Блэк подъехала к дому, припарковалась и зашла внутрь, все еще рыдая. Еще один печальный момент заключался в том, что если она полностью забросит работу, то ее жизнь станет совершенно пустой. Ее будущий муж был убит, бывший муж, с которым она поддерживала неплохие отношения, также погиб. Единственный человек из ее прошлого, ее дочь, не хотела иметь с ней ничего общего.

«И вместо того, чтобы исправить все, что ты сделала? – спрашивала Блэк себя. Внутренний голос прозвучал так, будто с ней говорил Рамирес, лишь еще больше указывая на то, что вокруг нее ломалось все. – Ты уехала из города, спрятавшись в каком-то лесу.

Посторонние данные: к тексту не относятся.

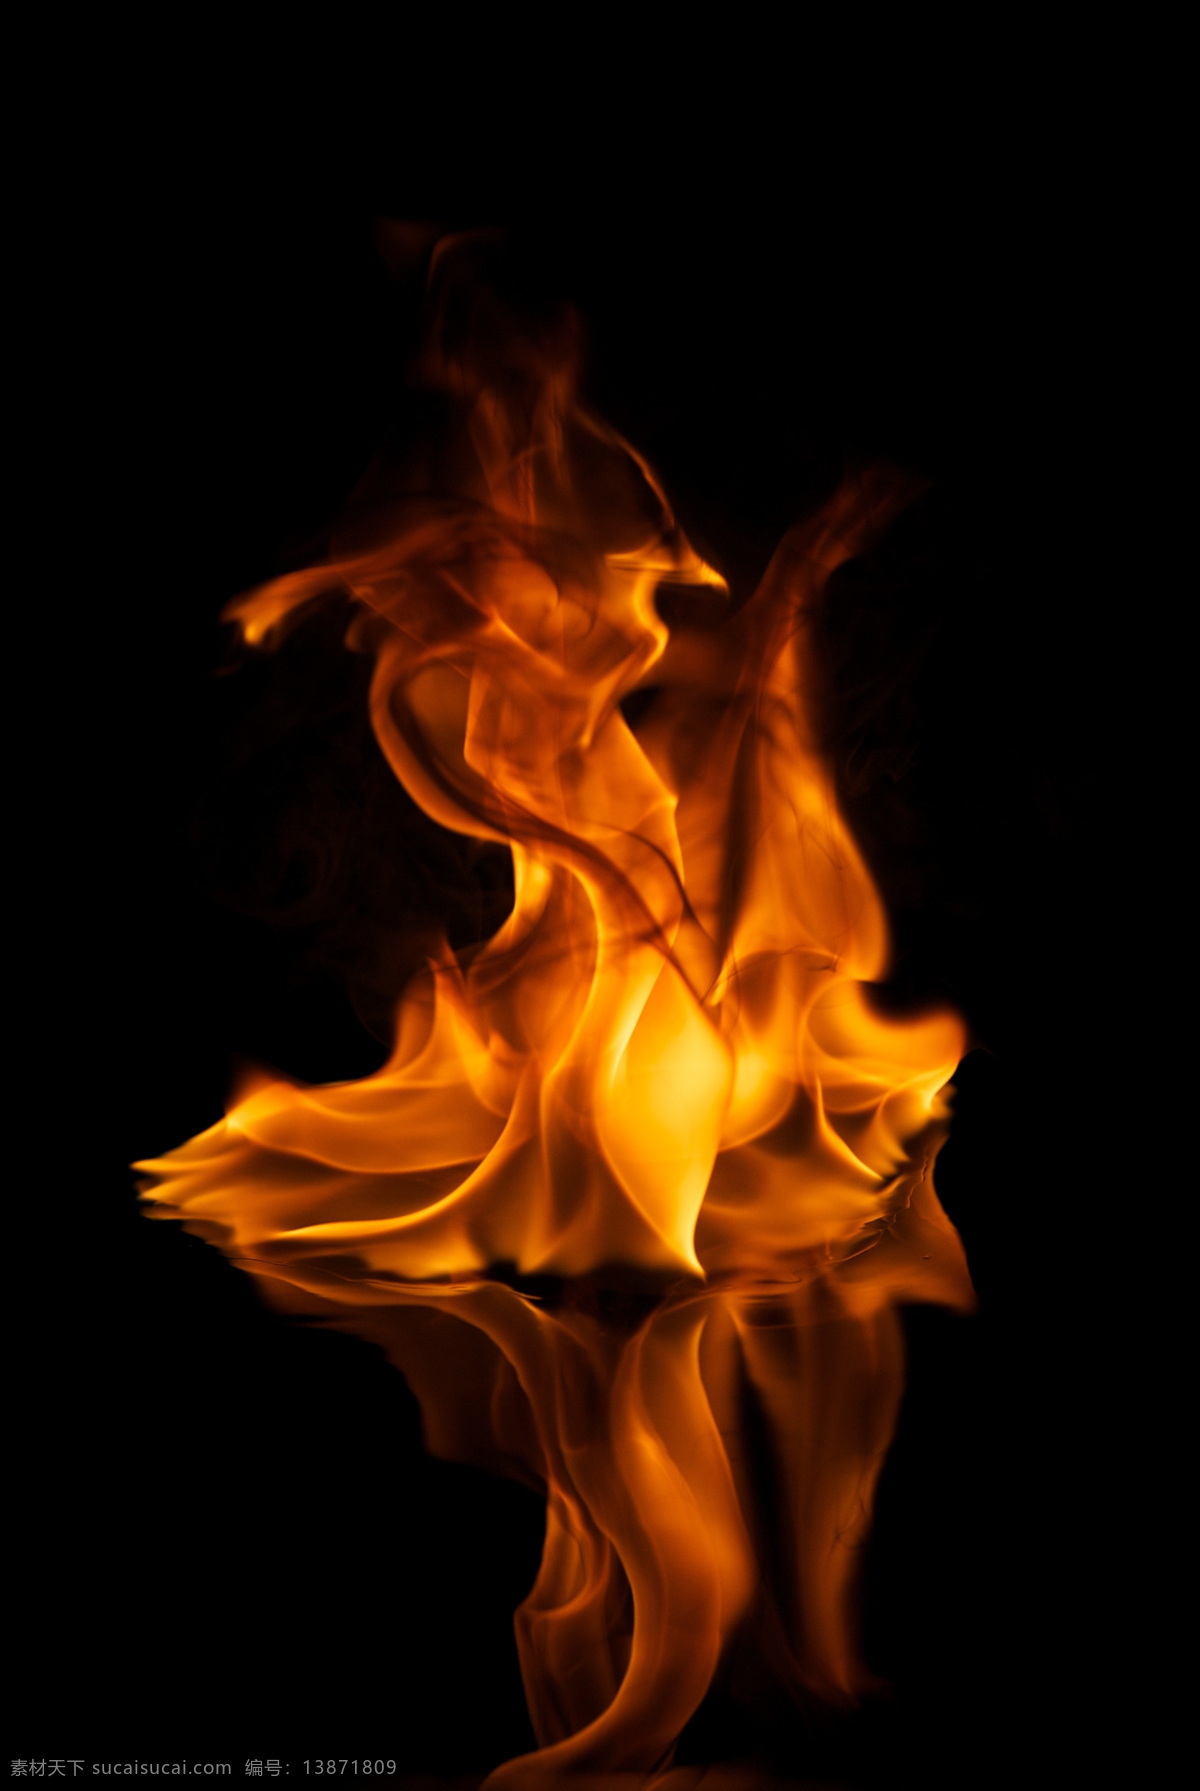 水面上的火 火 篝火 火苗 火焰 背景 黑色 晚上 大伙 柴火 燃烧 炭火 烤火 火焰素材 火素材 篝火素材 生活百科 生活素材

Вместо того чтобы встретиться с болью и перевернутой жизнью лицом к лицу, ты сбежала и потратила несколько дней, напиваясь, чтобы уйти от реальности. И что теперь? Снова бежать? Или может ты попытаешься исправить положение?»

Тем не менее, вернувшись в домик, Эйвери ощутила себя гораздо спокойнее, нежели стоя на пороге квартиры Роуз. Казалось, это уменьшило боль, которую она испытала, когда дочь захлопнула дверь перед ее лицом. Да, это заставило ее ощутить себя трусихой, но она просто не понимала, как еще ей справиться с этим.

«Она права, – думала Эйвери. – Я проклята. За последние несколько лет я не сделала для нее ничего хорошего, зато много раз усложняла ей жизнь. Все началось, когда я поставила карьеру выше ее отца, и лишь ухудшилось, когда, как бы я ни старалась изменить это, работа стала выше ее тоже. И вот результат – мы снова в ссоре, даже с учетом того, что карьеры больше нет.

И все потому, что она считает меня причиной убийства ее отца.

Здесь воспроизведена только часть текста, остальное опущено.